During a discussion of the study, an attendee asked whether there is something about vancomycin that makes CDI recurrence more likely or whether severity may have played a role in the findings.
Dr. Naik replied that there may be an IBD disease severity issue, but also that vancomycin has a profound impact on the gut microbiome. He went on to say that after CDI treatment, there may also be increased rates of vancomycin-resistant enterococcus infection, which could potentially affect the microbiome.
The latest Ontario Ministry of Health report cites a sharp increase in the number of confirmed cases of vancomycin-resistant enterococcus, from 834 in 2006 to 1,154 in 2009, the latest year for which figures were available. At the same time, the rate of CDI dropped from 4,536 to 3,266, although CDI-related diarrhea caused 478 deaths in 2009. In a study cited by Dr. Naik, vancomycin was shown to be superior to metronidazole in treating patients with severe CDI-associated diarrhea (Clin. Infect. Dis. 2007;45:302-7).
Initial antibiotic treatment in the current study included a 14-day course of metronidazole 250 mg t.i.d., or vancomycin 250 mg q.i.d., or metronidazole 250 mg t.i.d. plus vancomycin 250 mg q.i.d..
Initial CDI was confirmed based on symptoms, positive ELISA toxin A/B testing, or a positive nucleic acid amplification test (NAAT). Subsequent CDI was identified according to symptom recurrence and a positive toxin A/B or NAAT test.

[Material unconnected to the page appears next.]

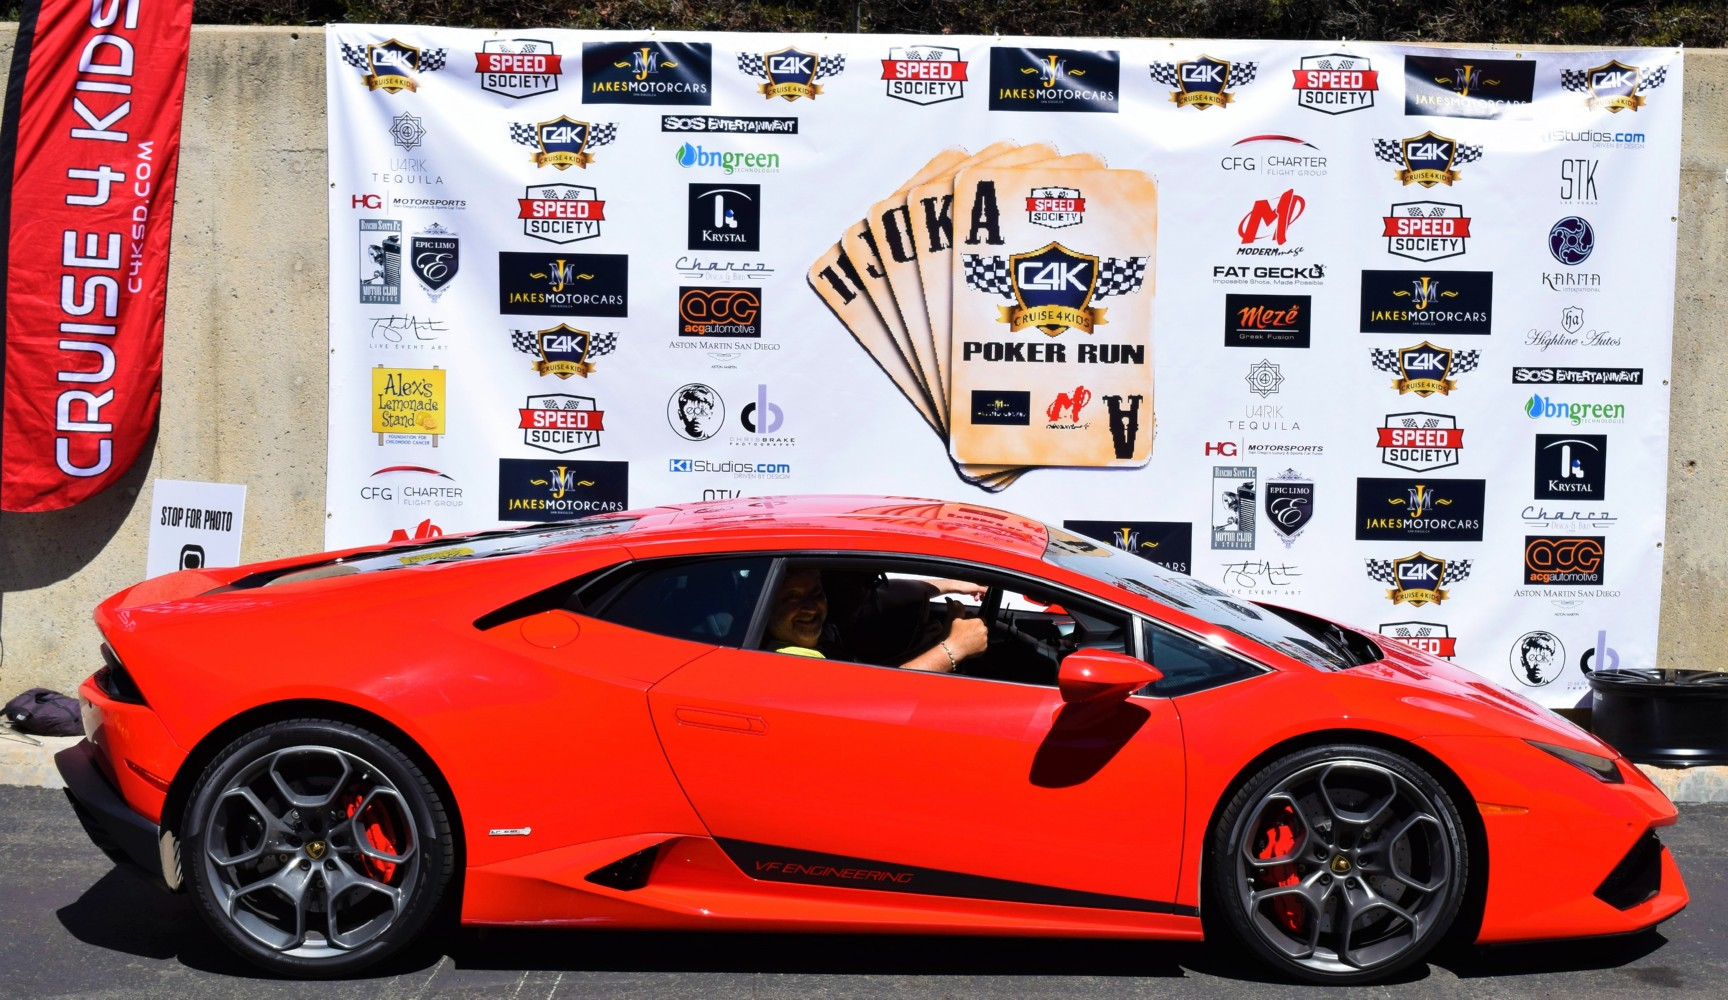 Poker Run 2017 Banner Photos - 17.jpg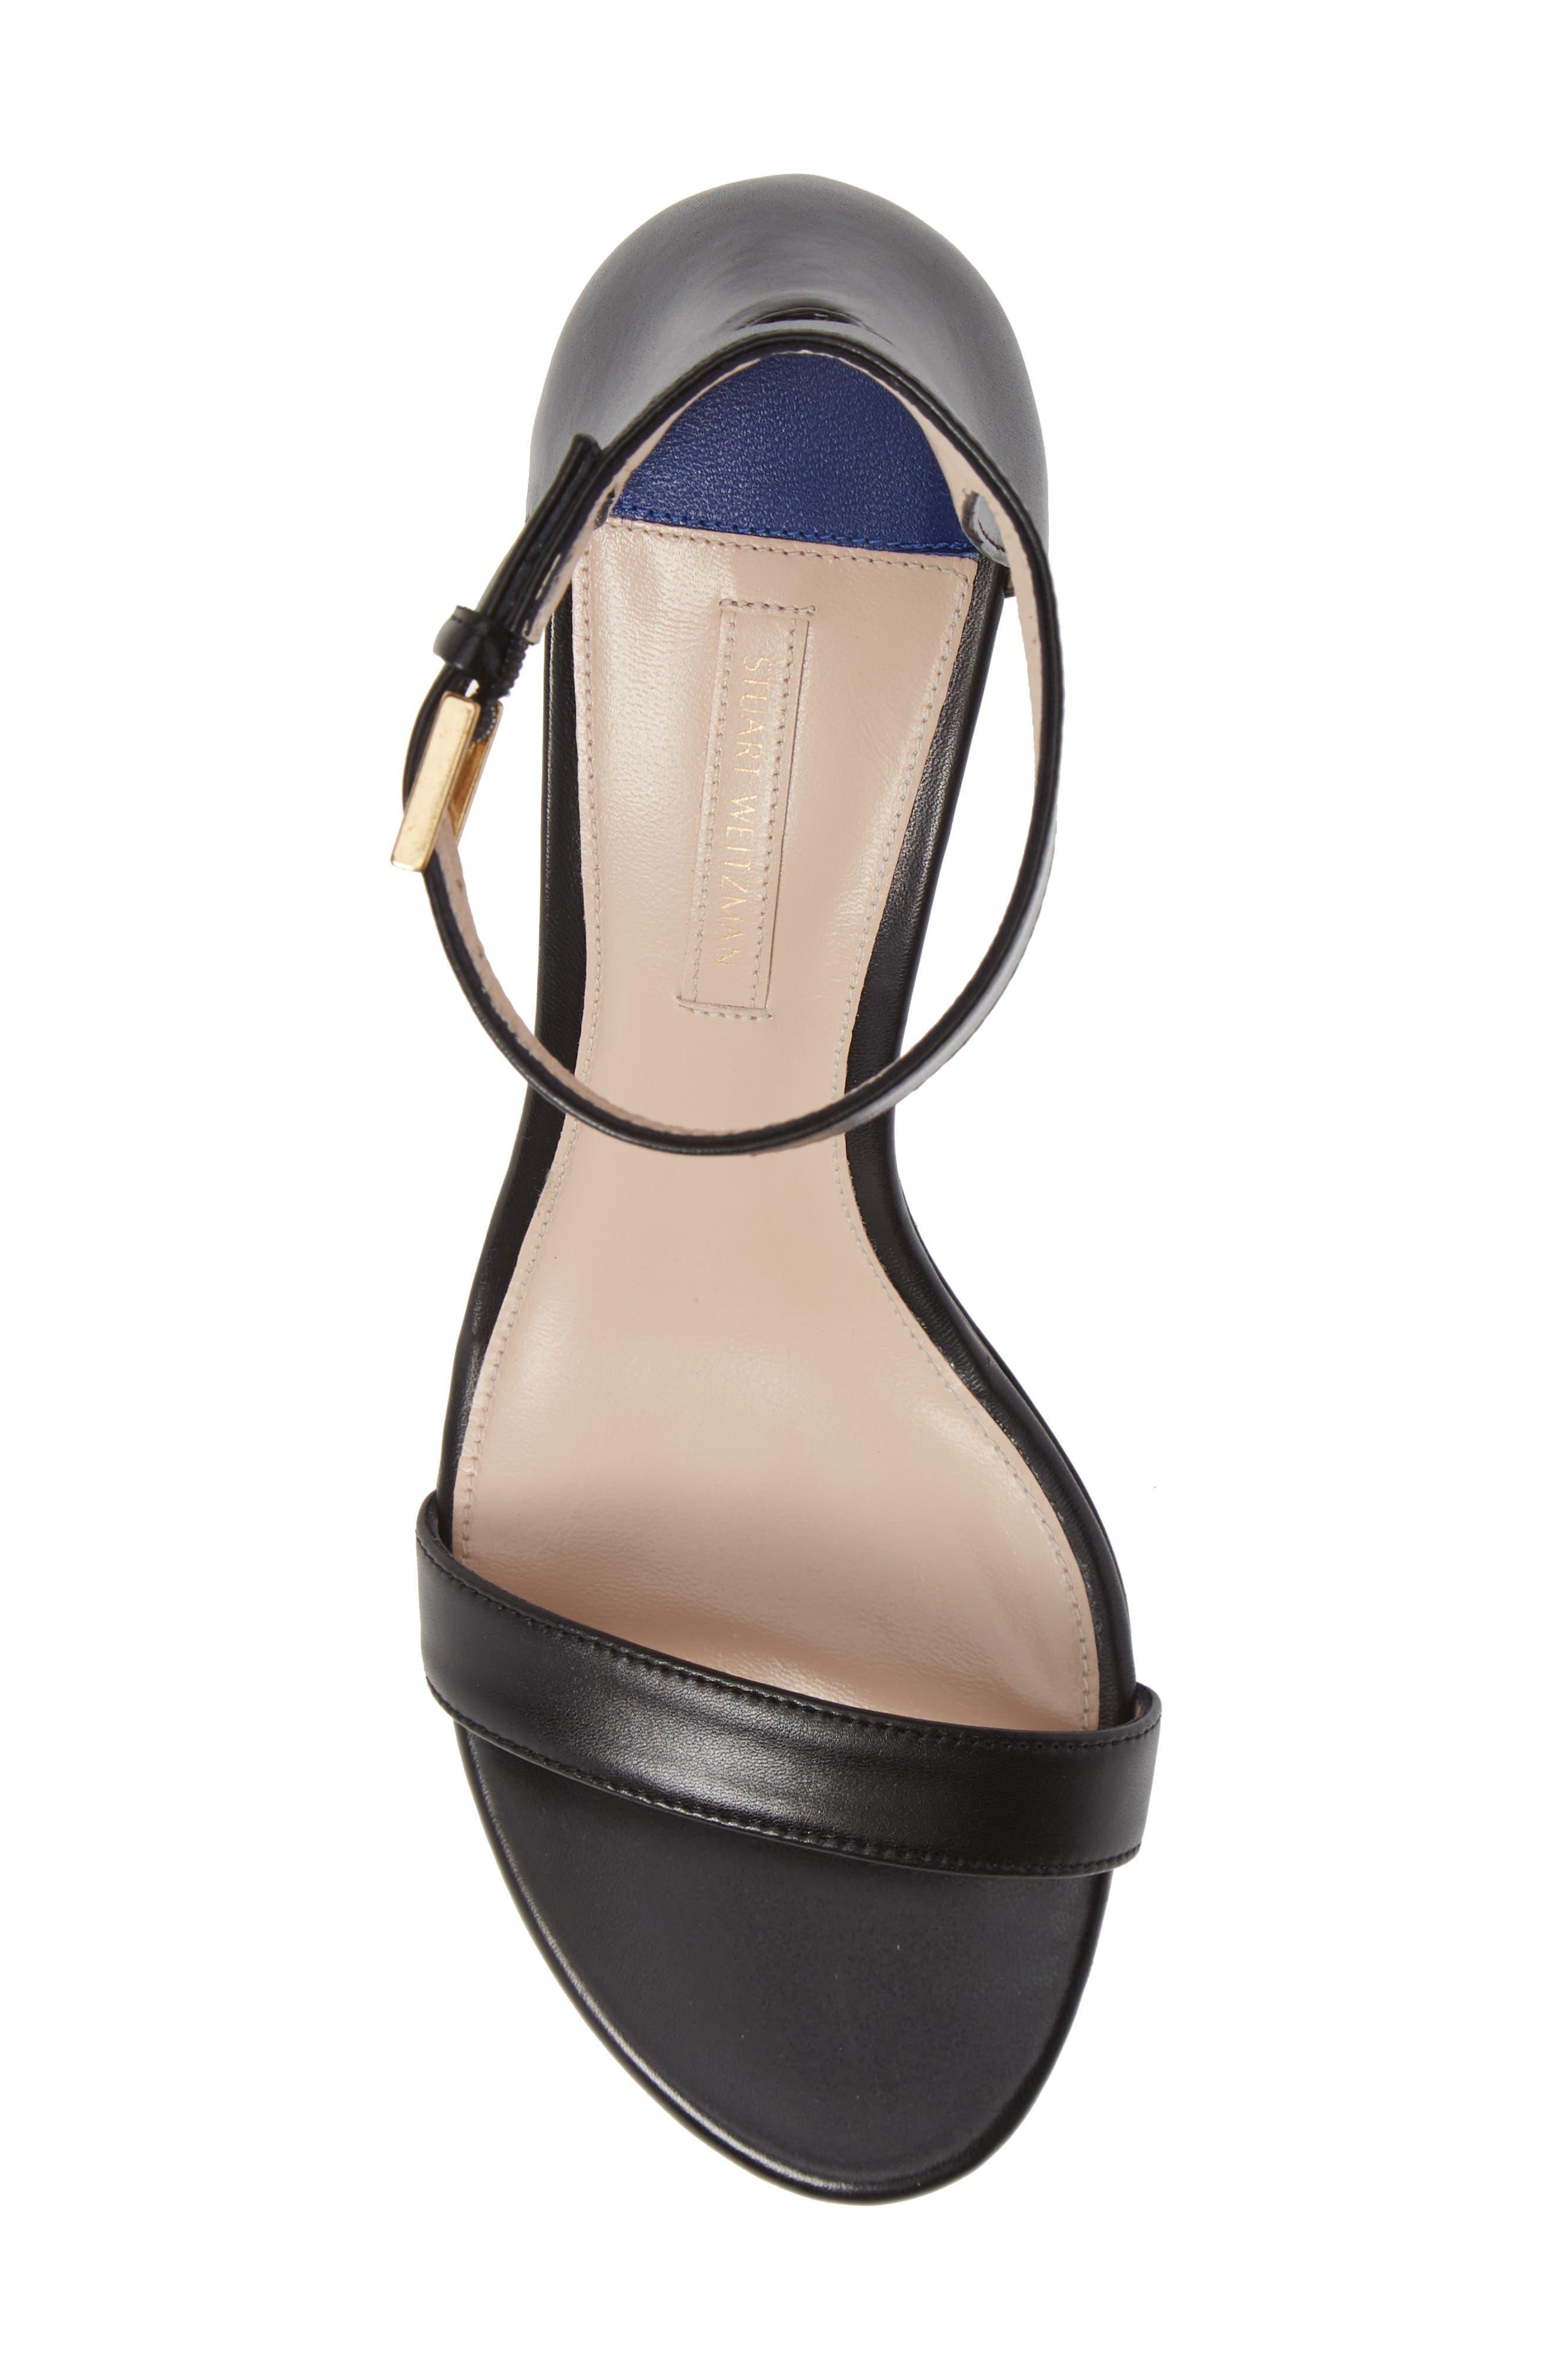 75LESSNUDIST Ankle Strap Sandal,                             Alternate thumbnail 5, color,                             BLACK NAPPA

Finally, an attendee noted that there have been anecdotal recommendations from some of Dr. Naik’s colleagues to use vancomycin as first choice for CDI treatment, and asked whether the study findings have changed practice at the Medical College of Wisconsin. Dr. Naik said further prospective studies are needed before changing clinical practice, but added, "This actually shows [that] some caution is needed." When pressed as to what he prescribes for his patients, he said that for inpatients, combination therapy with vancomycin and metronidazole should be considered.
Dr. Naik and his coauthors reported no conflicts of interest.
FROM THE ANNUAL DIGESTIVE DISEASE WEEK
Major Finding: The rate of C. difficile infection recurrence was 39.4% for patients initially treated with vancomycin, 14.5% with metronidazole, and 13.3% with combination metronidazole and vancomycin.
Data Source: Retrospective observational study of 101 patients with inflammatory bowel disease and confirmed C. difficile infection.
Disclosures: Dr. Naik and his coauthors reported no conflicts of interest.